> SOURCE DATA:
------------------------------------

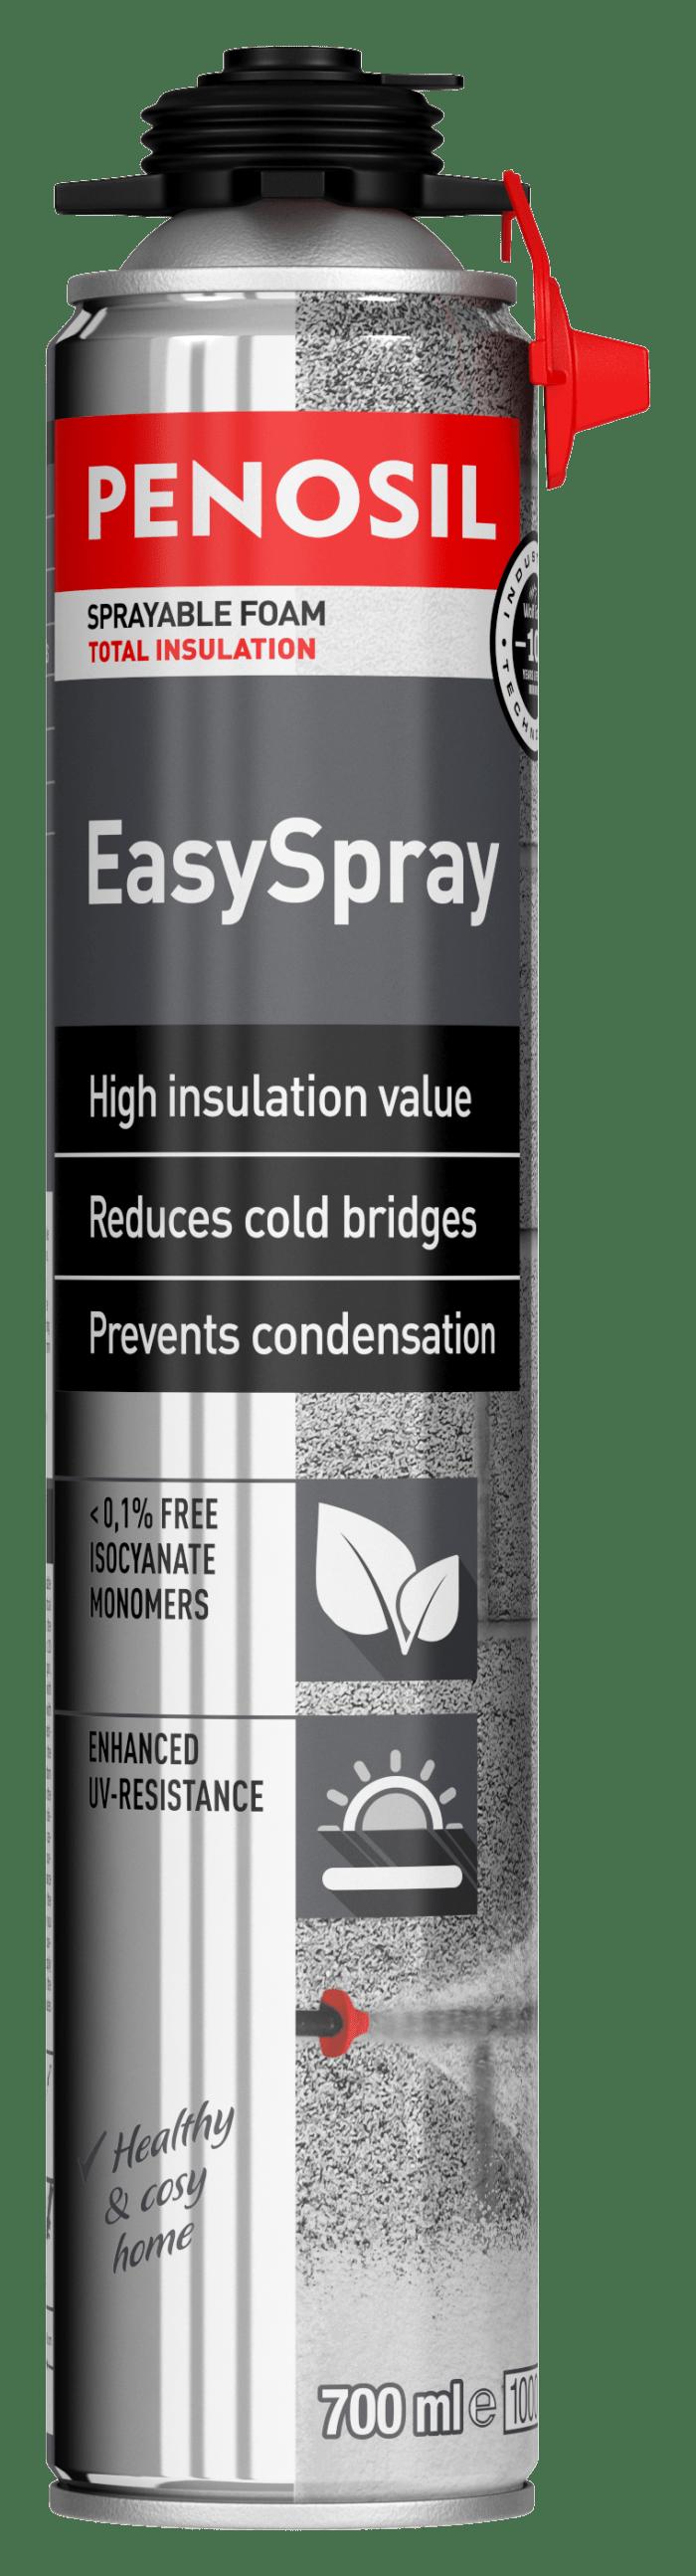 Penosil EasySpray foam sealant with unique spray applicator - EasyPRO
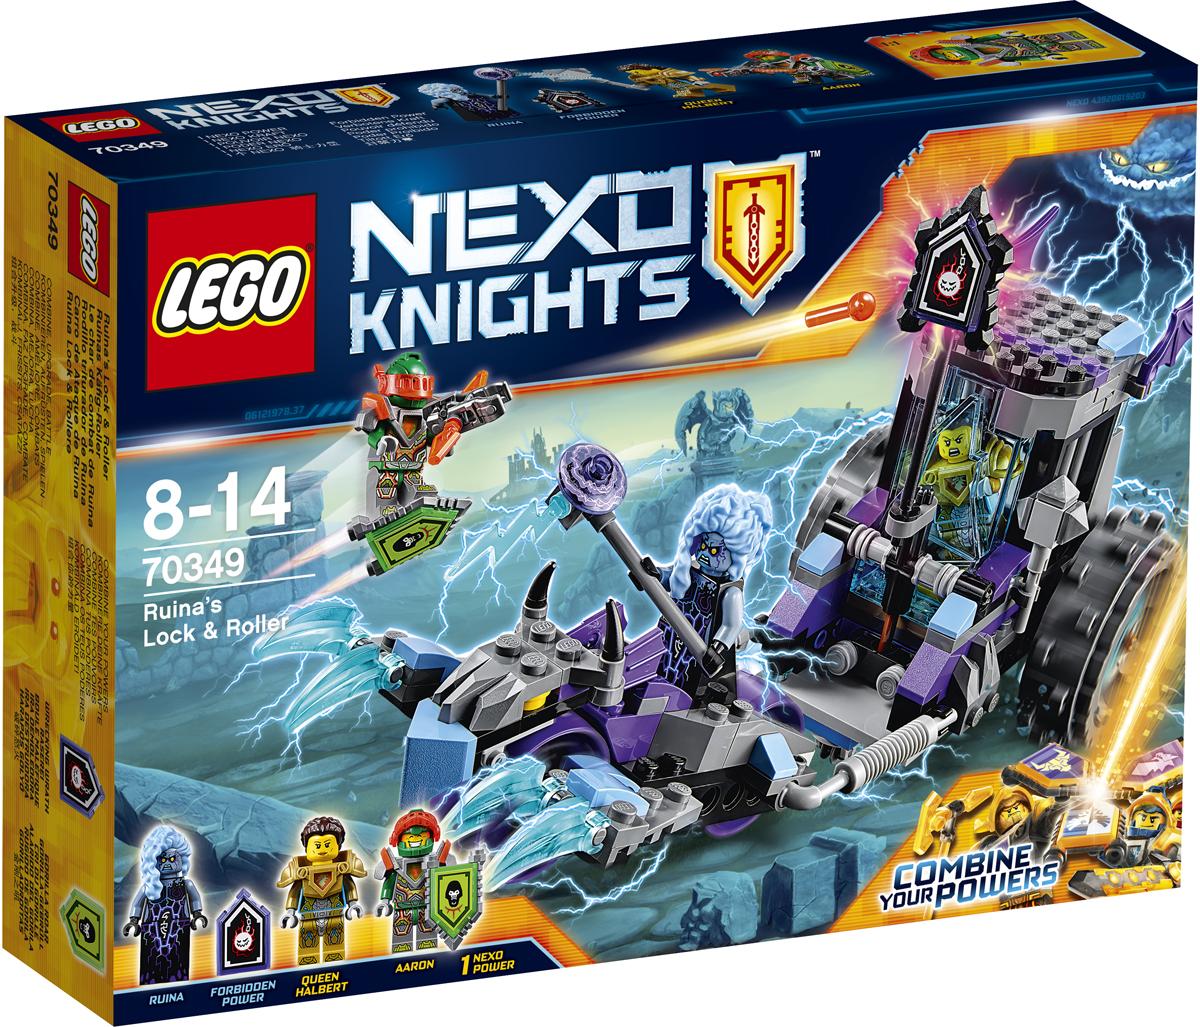 LEGO NEXO KNIGHTS Конструктор Мобильная тюрьма Руины 7034970349Отправляйте героического рыцаря Аарона в самую гущу боя на его летающем щите. Стреляйте из шипомета его Сверкающего арбалета по щиту запретных сил Передвижной тюрьмы Руины, чтобы освободить дверь клетки и спасти королеву Хальберт. Но берегитесь когтей Каргобайка! В набор входят два щита для сканирования: NEXO-Cила Рев гориллы и запретная сила Сокрушительный гнев. Набор включает в себя 208 разноцветных пластиковых элементов. Конструктор - это один из самых увлекательных и веселых способов времяпрепровождения. Ребенок сможет часами играть с конструктором, придумывая различные ситуации и истории.
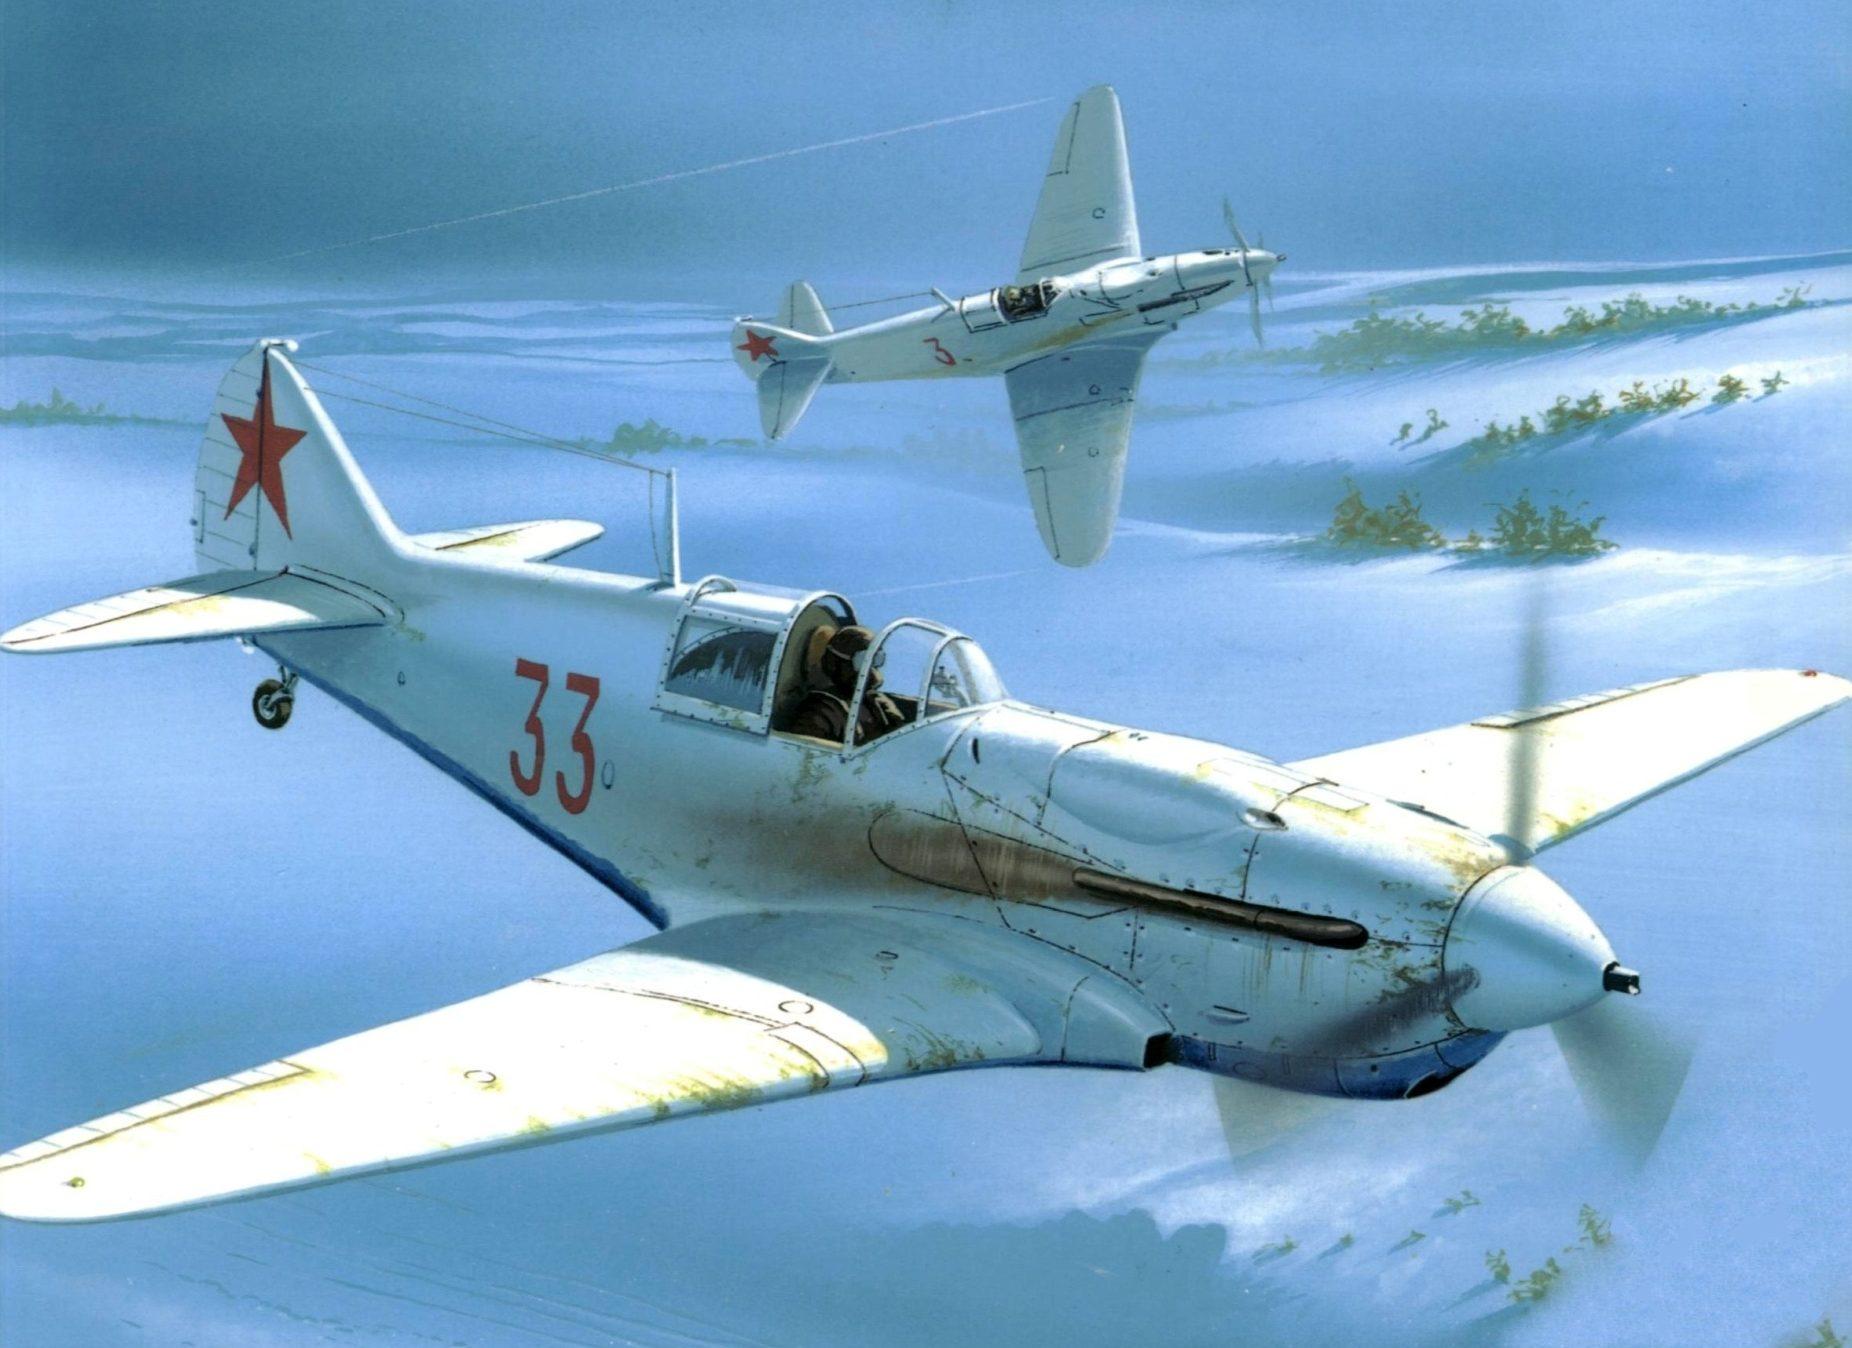 Wróbel Arkadiusz. Истребитель ЛаГГ-3.
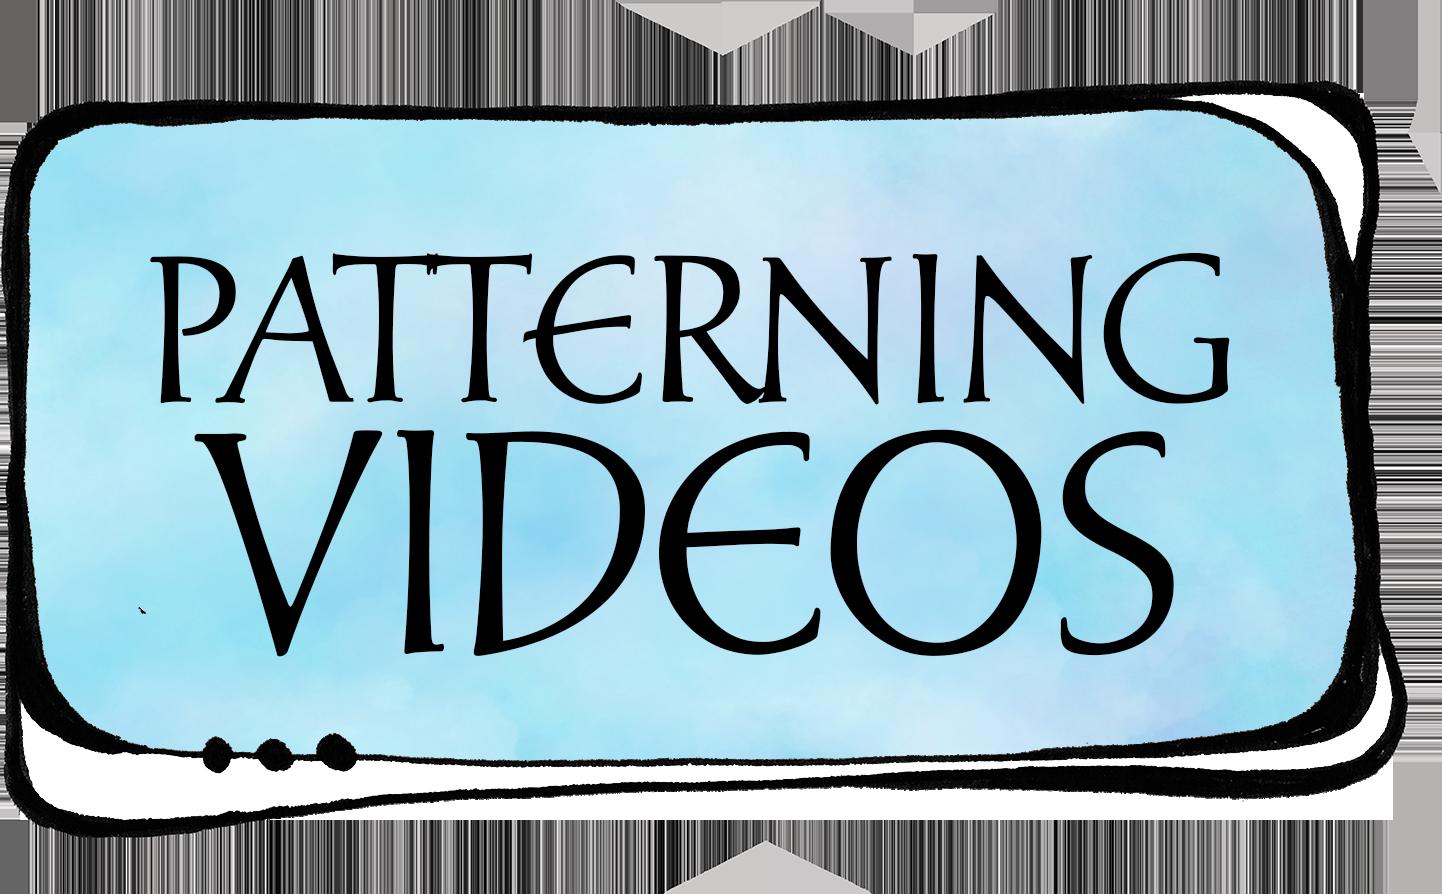 Patterning Videos
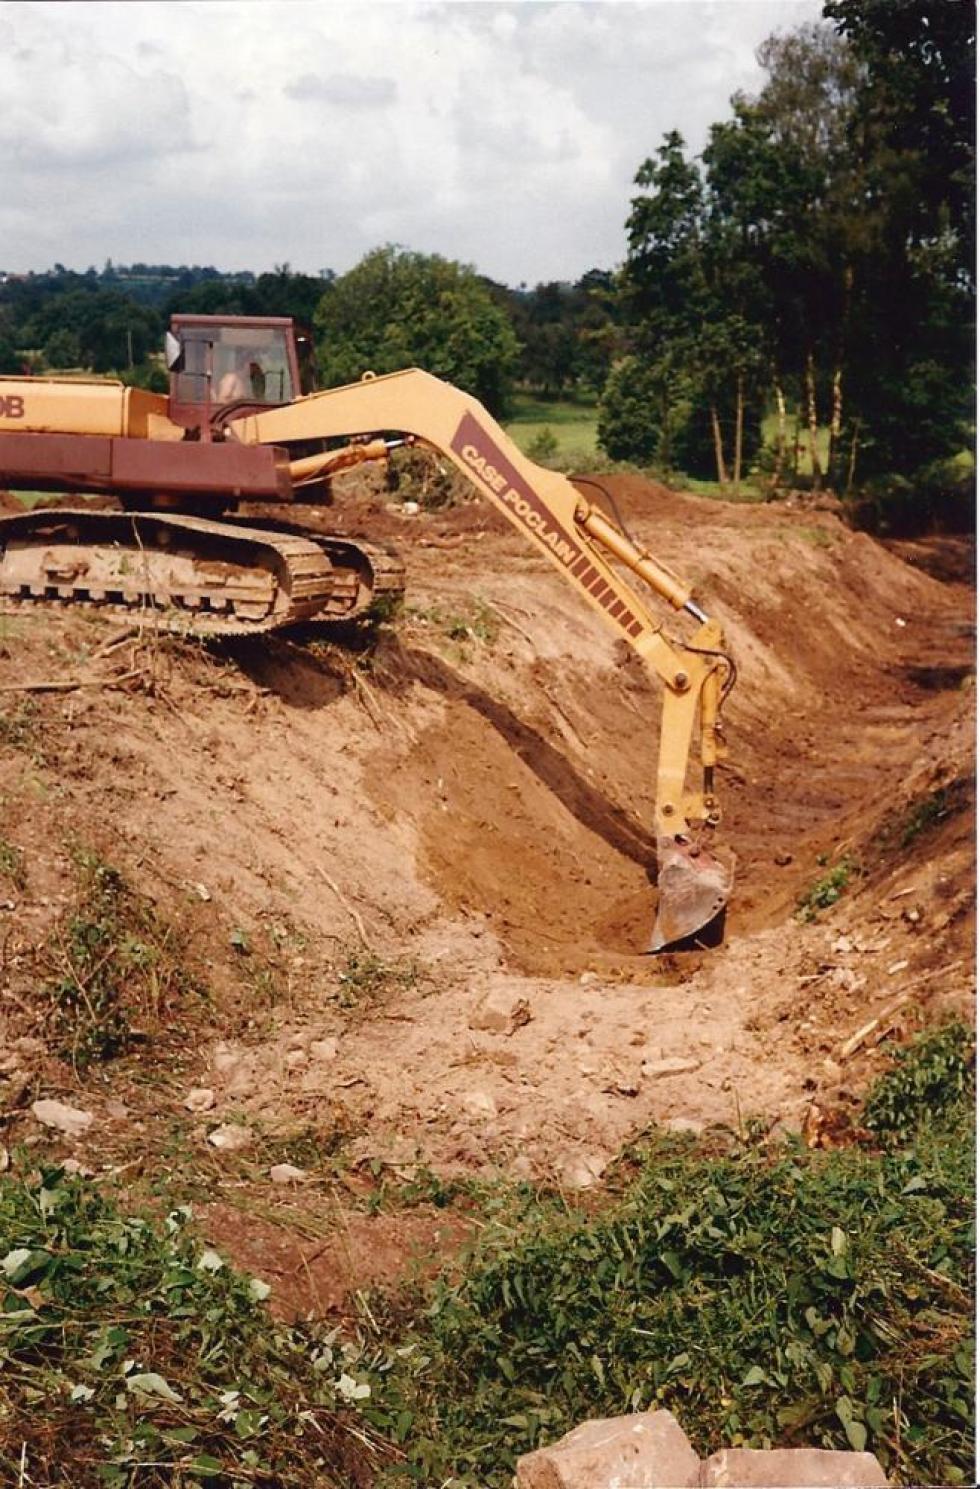 Août 1991, la pelleteuse en action pour curer la douve Nord.

------------------------------------

> ASSIGNMENT: Would you retype all the material above exactly, apart from its pictures?

> EXERCISE SOLUTION:
 Penosil EasySpray foam sealant with unique spray applicator - EasyPRO
 LEGO NEXO KNIGHTS Конструктор Мобильная тюрьма Руины 7034970349Отправляйте героического рыцаря Аарона в самую гущу боя на его летающем щите. Стреляйте из шипомета его Сверкающего арбалета по щиту запретных сил Передвижной тюрьмы Руины, чтобы освободить дверь клетки и спасти королеву Хальберт. Но берегитесь когтей Каргобайка! В набор входят два щита для сканирования: NEXO-Cила Рев гориллы и запретная сила Сокрушительный гнев. Набор включает в себя 208 разноцветных пластиковых элементов. Конструктор - это один из самых увлекательных и веселых способов времяпрепровождения. Ребенок сможет часами играть с конструктором, придумывая различные ситуации и истории.
 Wróbel Arkadiusz. Истребитель ЛаГГ-3.
 Patterning Videos
 Août 1991, la pelleteuse en action pour curer la douve Nord.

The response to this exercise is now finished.